Ben Hagari’s “Potter’s Will” melds multiple concepts in a contemplative and organic way, positing the relationship between the process of making pottery, video art and religious understanding of the cycle of life from a Christian perspective. The installation, titled Rose Video 08 and which can be found in the Rose Video Gallery starting Feb. 12, has two parts: one which is a video of a potter’s work space, which is laid directly on top of a potter’s work space that is on display. The video first begins as Paul Chaleff transforms a misshapen lump of clay into a pot with perfect proportions, and all the while the potter’s wheel is still and the surroundings are rapidly turning. The video then shows the conversion of the pot into a human being, like that of the first humans who, according to one Christian version of the story, were formed from clay. Various religious references are also incorporated, such as the serpent that tempts Adam and Eve and Khnum, the Egyptian god who utilized clay to form his newfound creations, as well as the four elements, shapes and the tail-biting snake.

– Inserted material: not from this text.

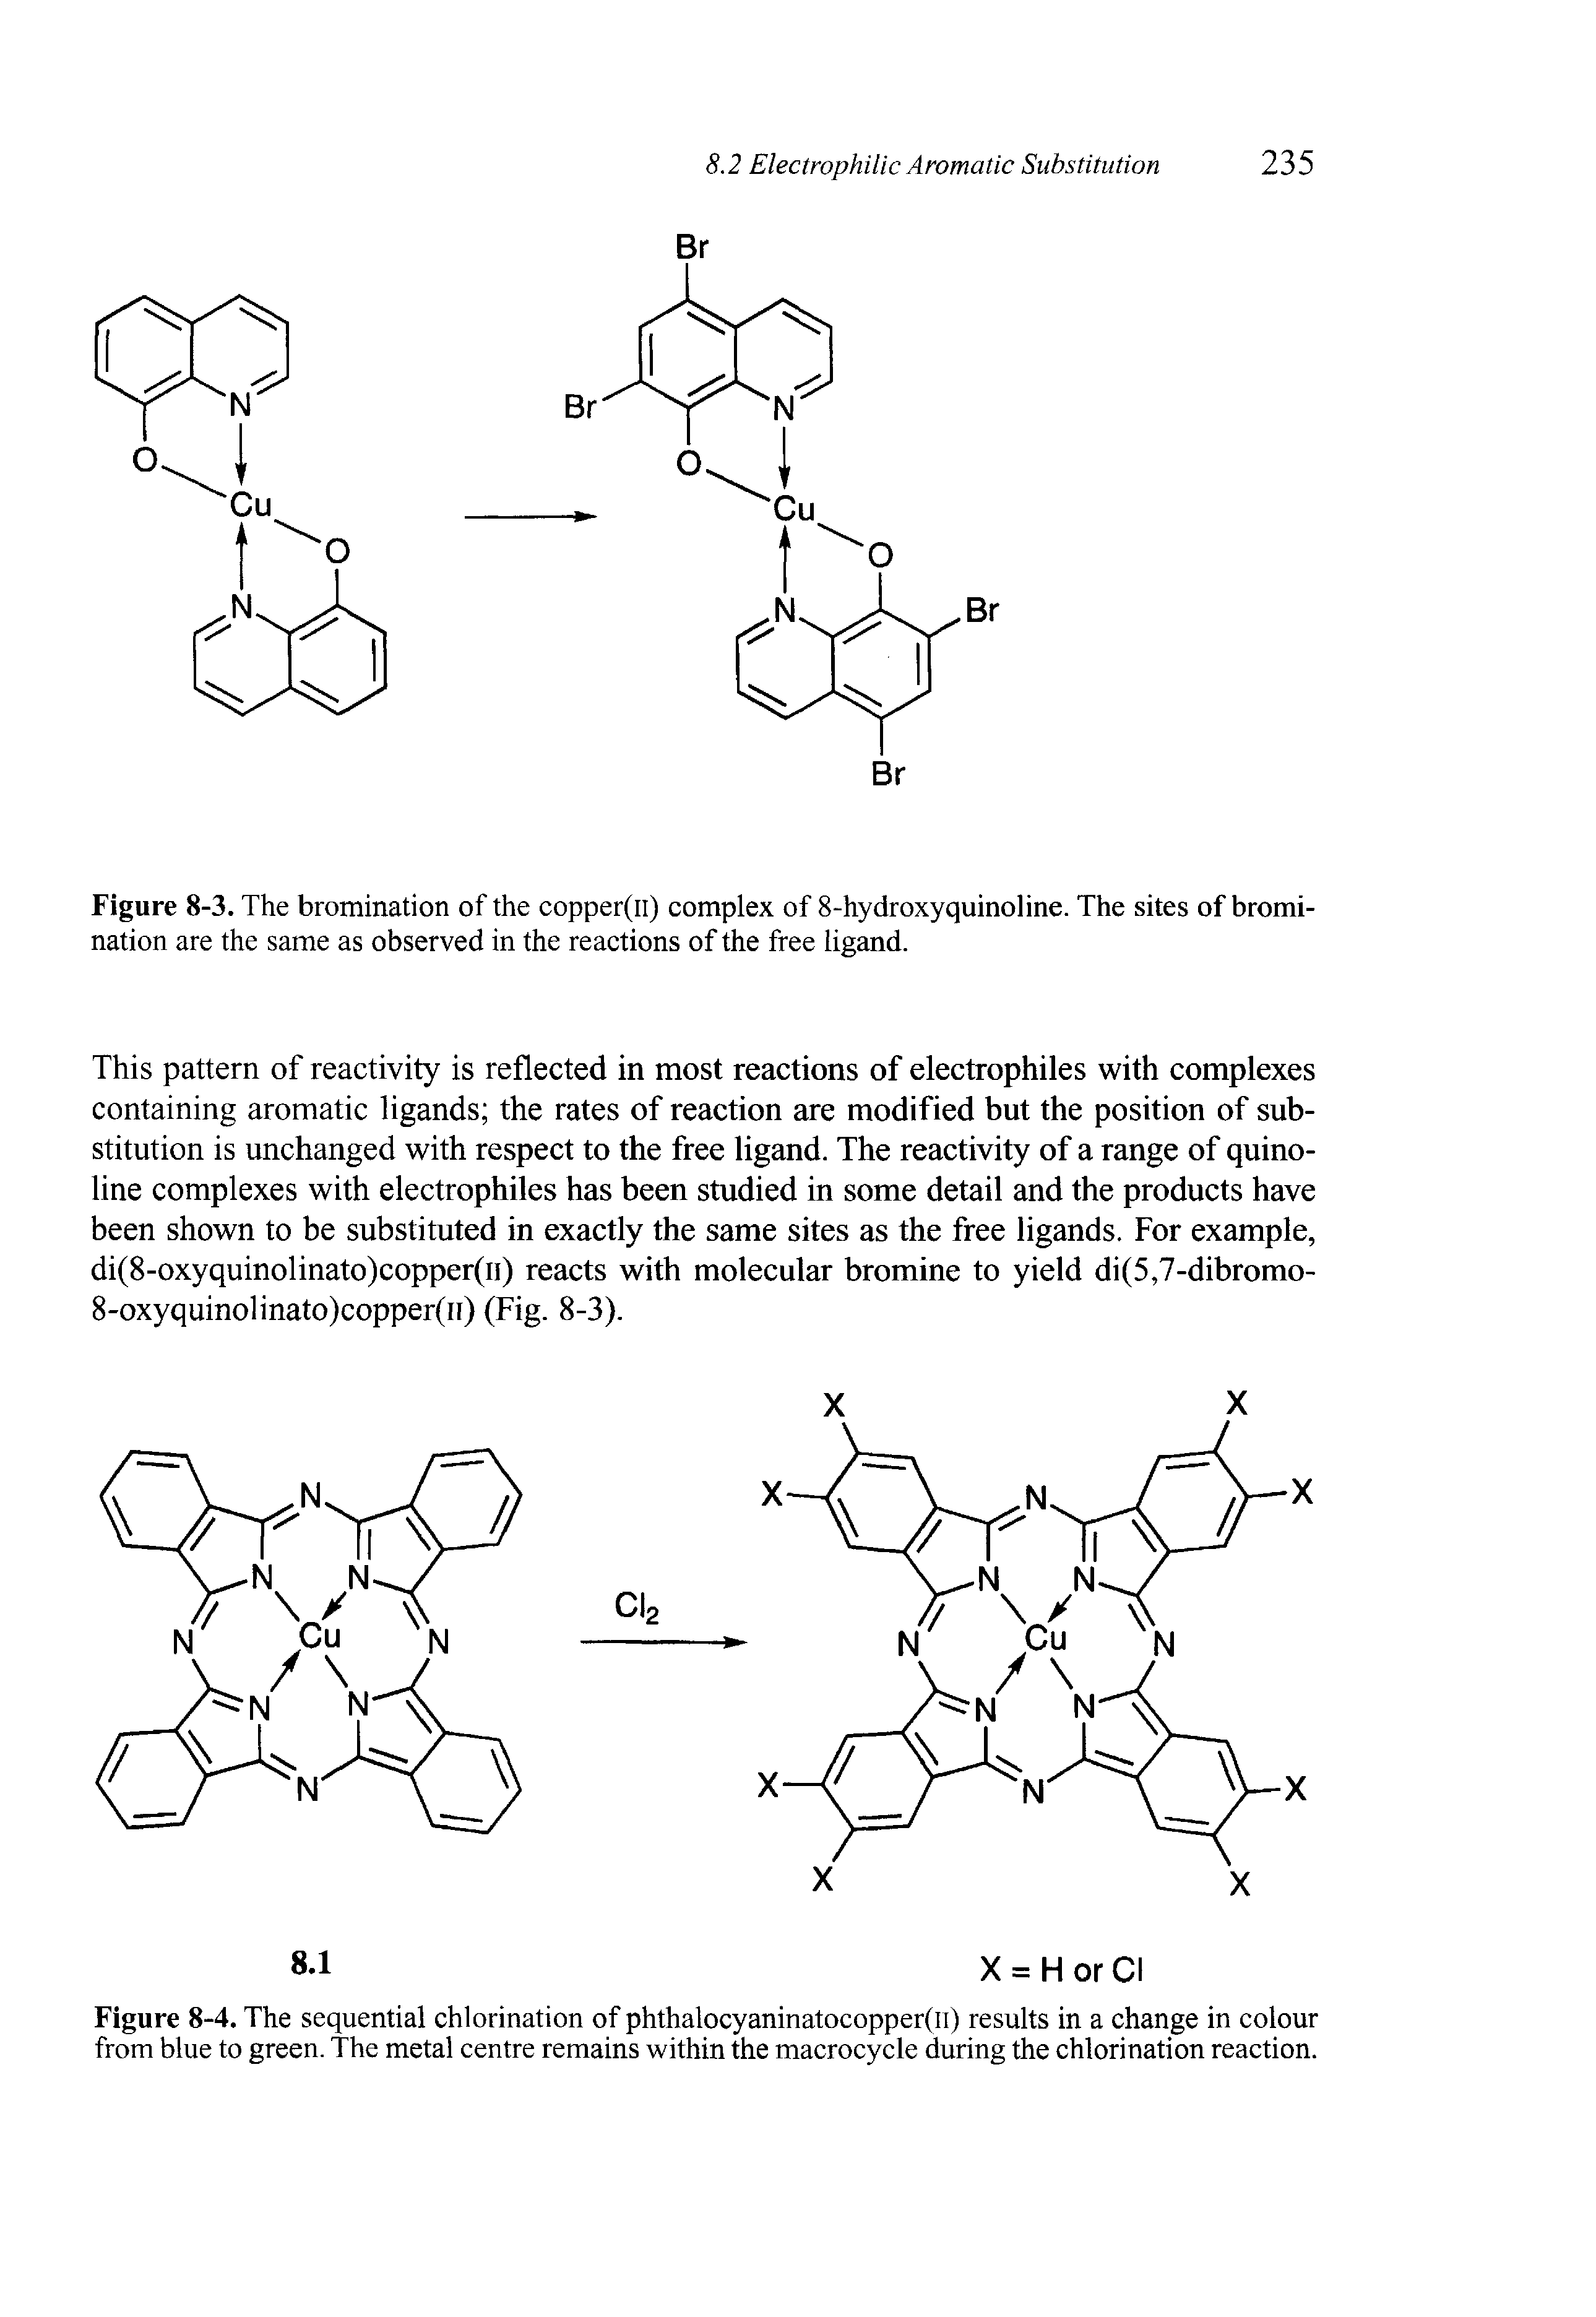 Figure 8-3. The bromination of the copper(n) complex of 8-hydroxyquinoline. The sites of bromi-nation are the same as observed in the reactions of the free ligand.

As a response to the more recent Ford Hall movement, the Rose introduced an exhibition titled “Rose #FordHall2015,” as of Dec. 3, as a way of making Brandeis’ campus more aware of racial prejudice and continue a conversation about racial inequality. The exhibition, which is located in the Mildred S. Lee Gallery, has workshops and discussion sessions in order to determine how to make Brandeis, and the world, a more just place.

Lucky for Brandeis students, the curators of the Rose Art Museum persistently attempt to diversify the work on display; the age old image of an art museum as a gallery, with an endless array of paintings hanging on the walls, continues to be challenged. Art comes in a great many forms, some of which can be experienced in our own backyard. There’s no telling what will come next.